BRIEF -
Transcribe all of the data exactly. Omit the pictures.

PROVIDED DATA Block Start

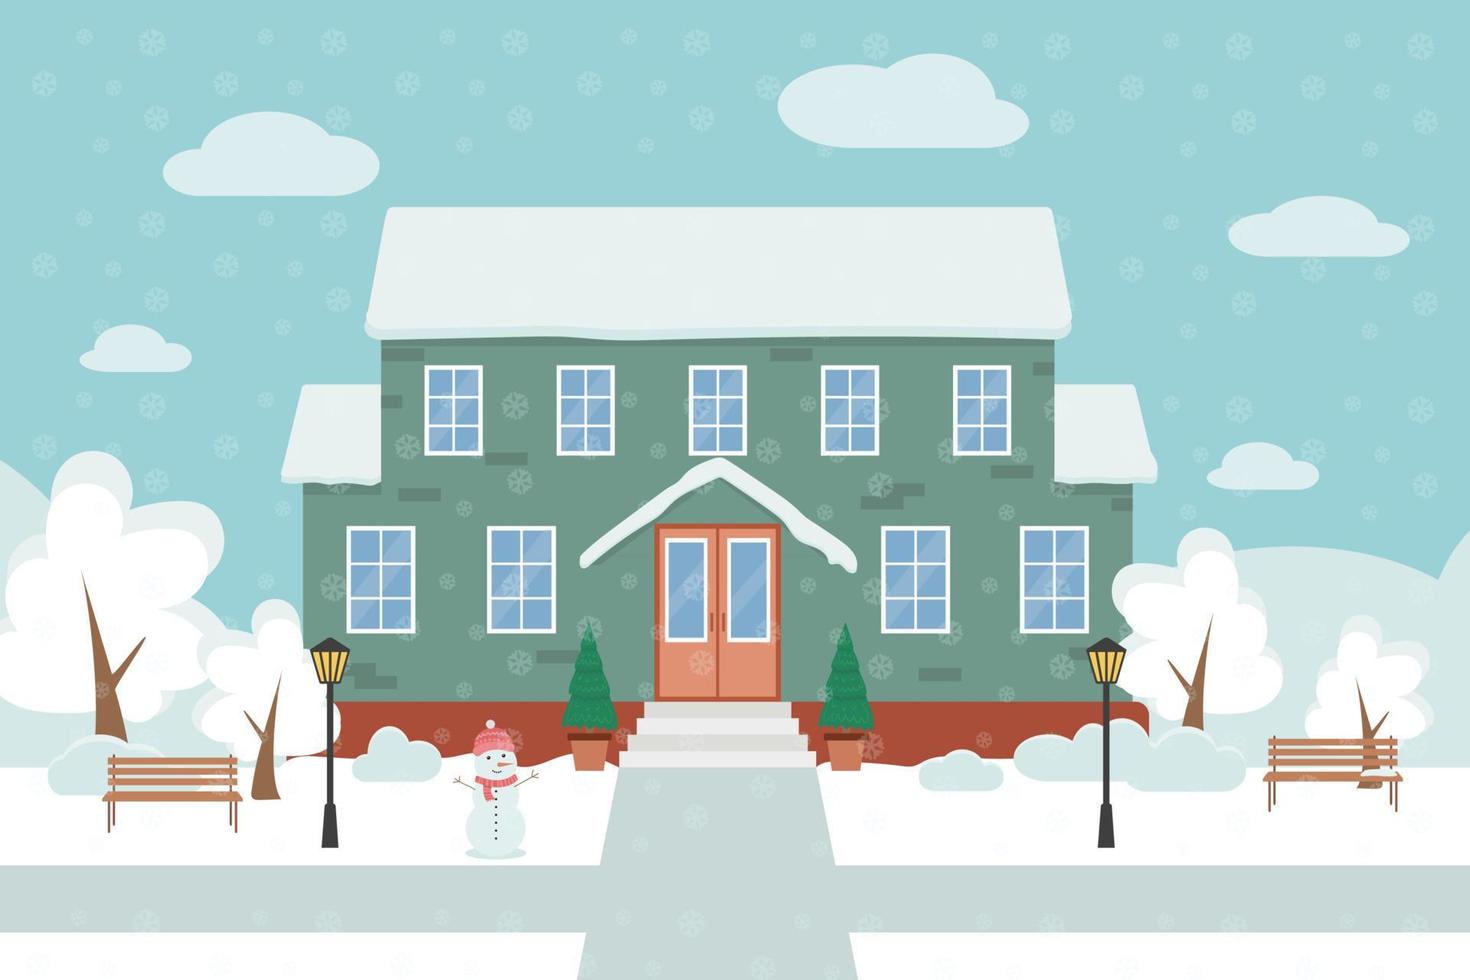 illustrazione vettoriale piatta invernale di una casa verde, sullo sfondo del paesaggio invernale.
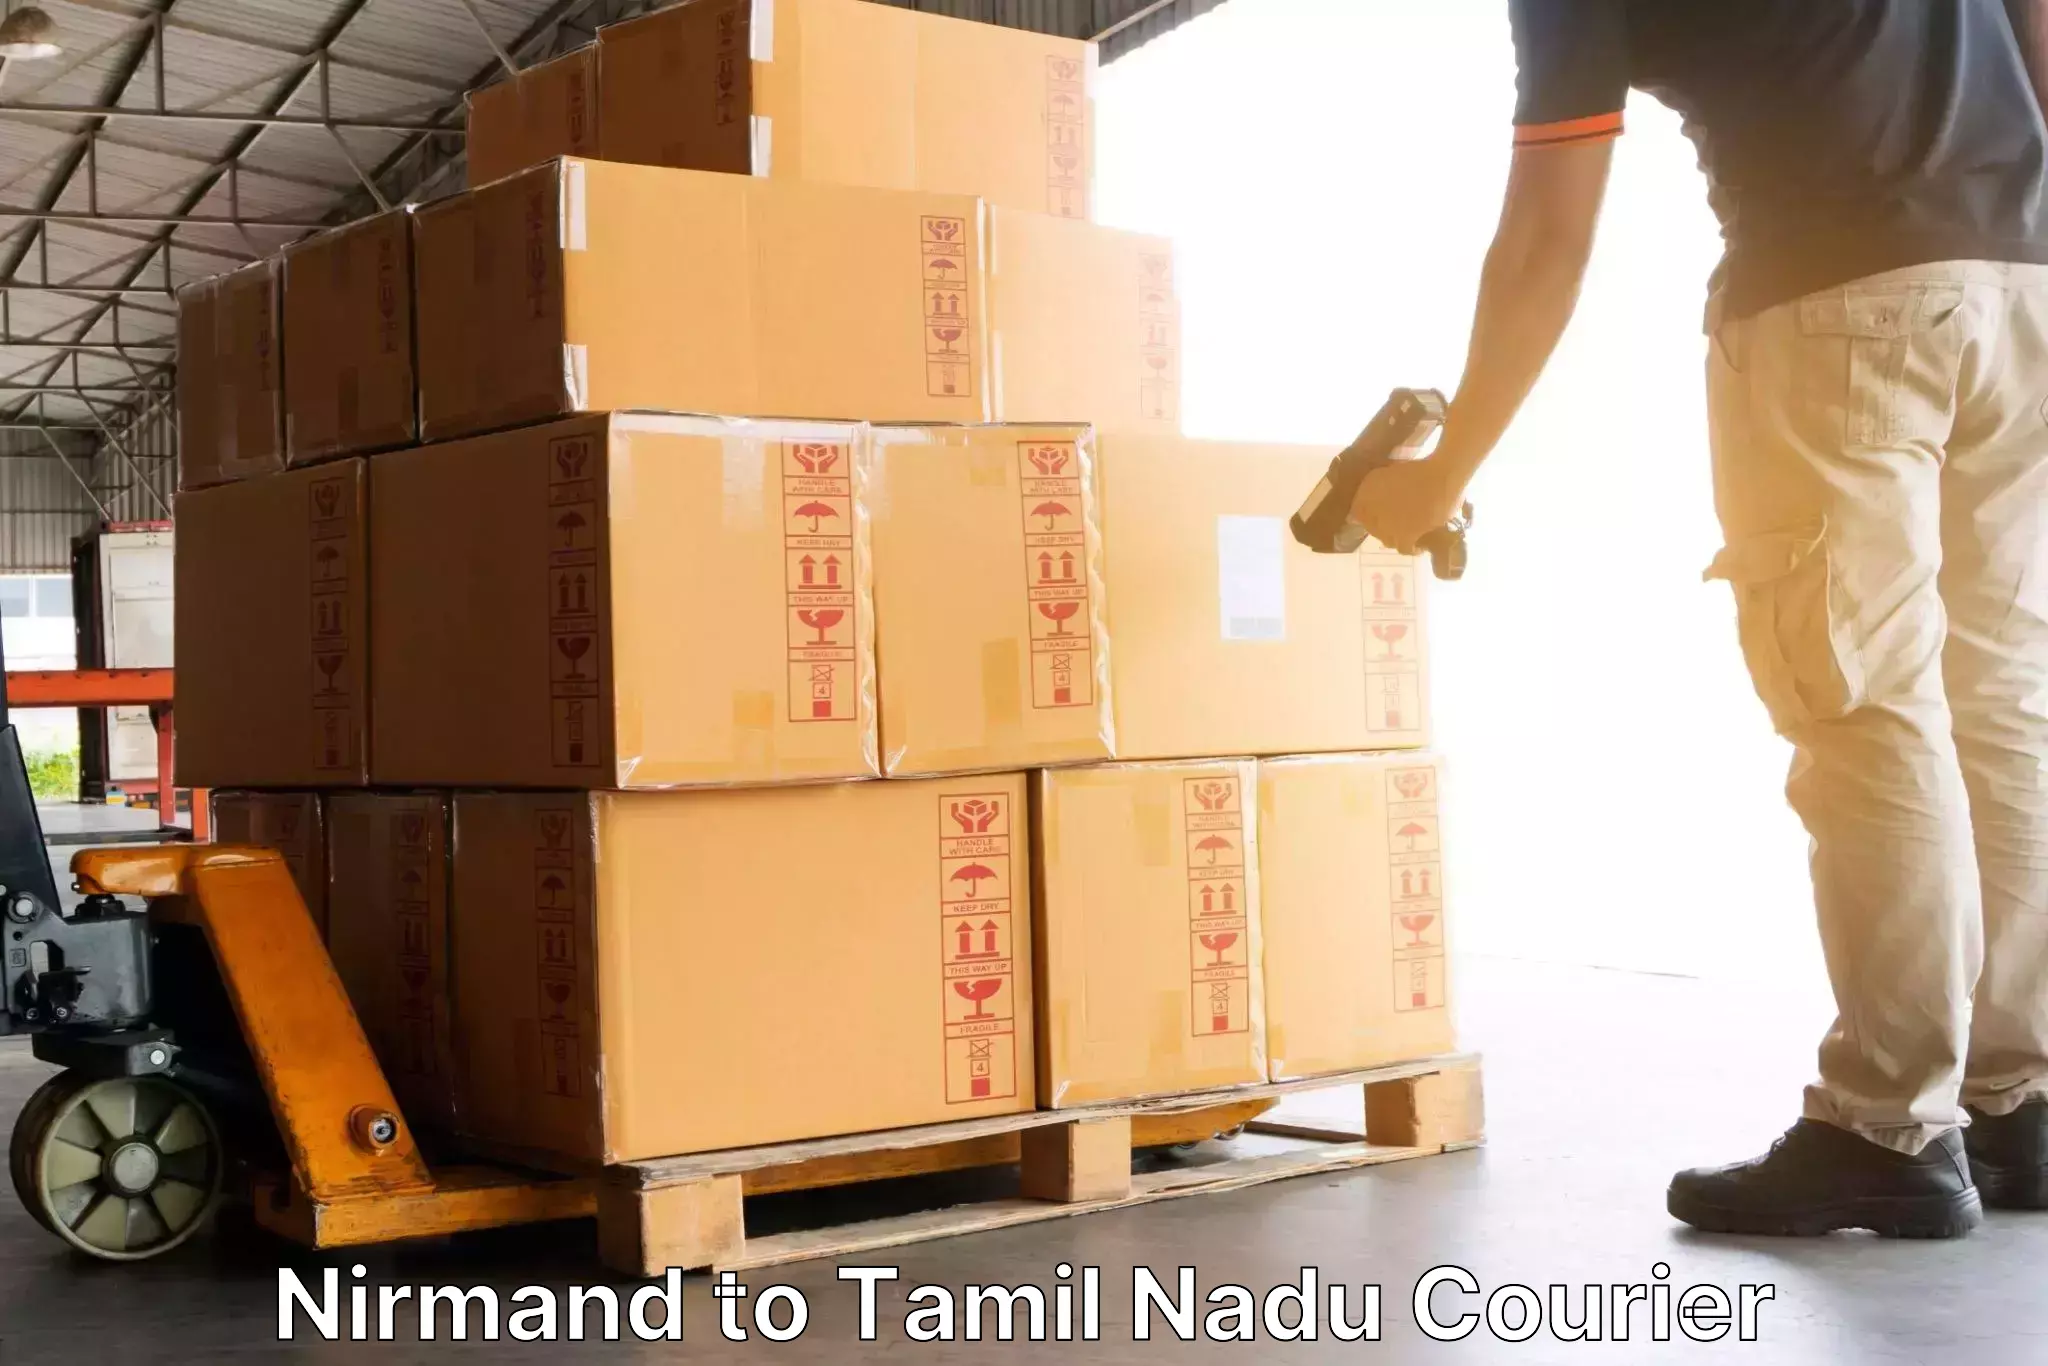 Pharmaceutical courier Nirmand to Thiruvadanai
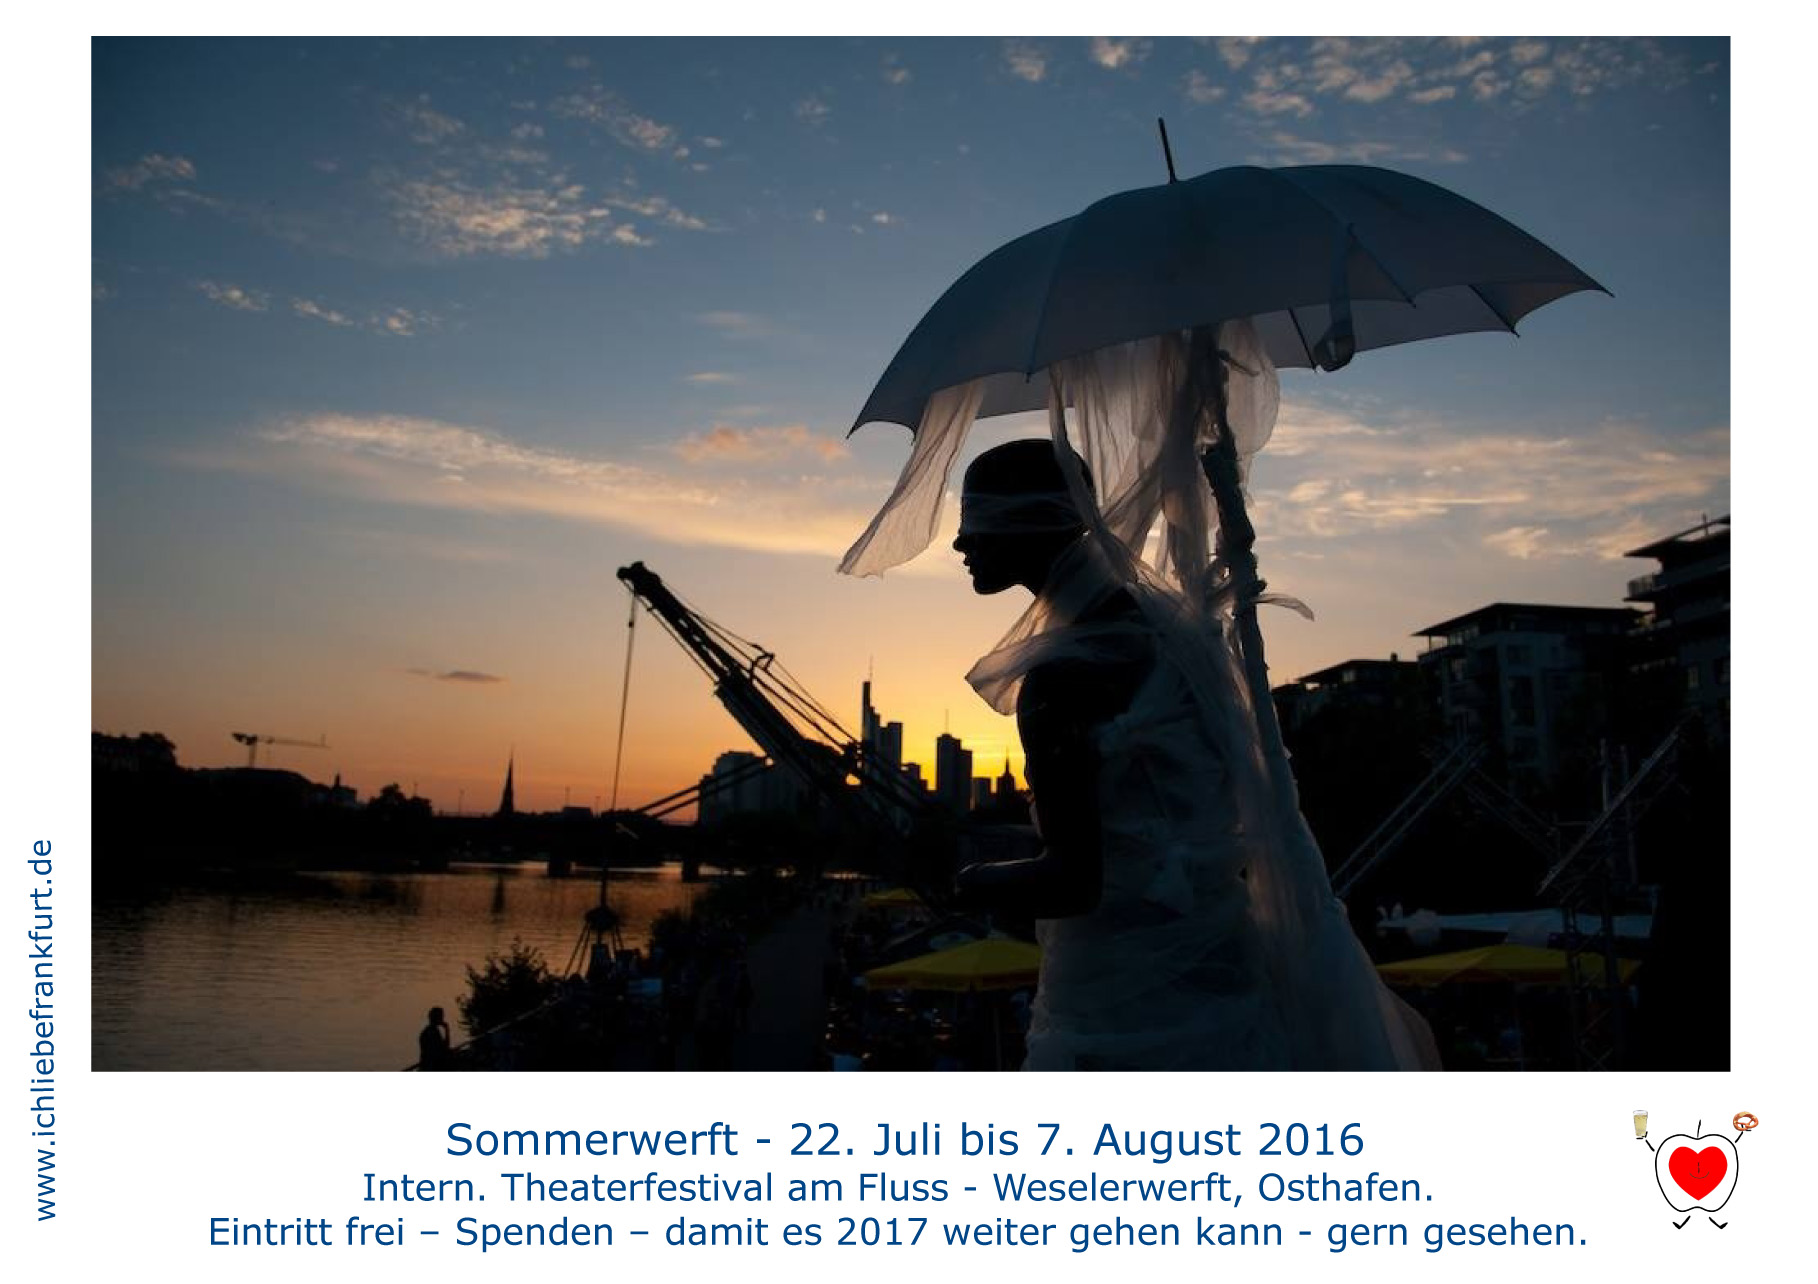   2016-07-26   27 Sommerwerft Antagon       2016-07-22 Sommerwerft AntagonTheater

PROVIDED DATA Block End

SOLUTION FOR THIS TASK -
 illustrazione vettoriale piatta invernale di una casa verde, sullo sfondo del paesaggio invernale.
 Pharmaceutical courier Nirmand to Thiruvadanai
   2016-07-26   27 Sommerwerft Antagon       2016-07-22 Sommerwerft AntagonTheater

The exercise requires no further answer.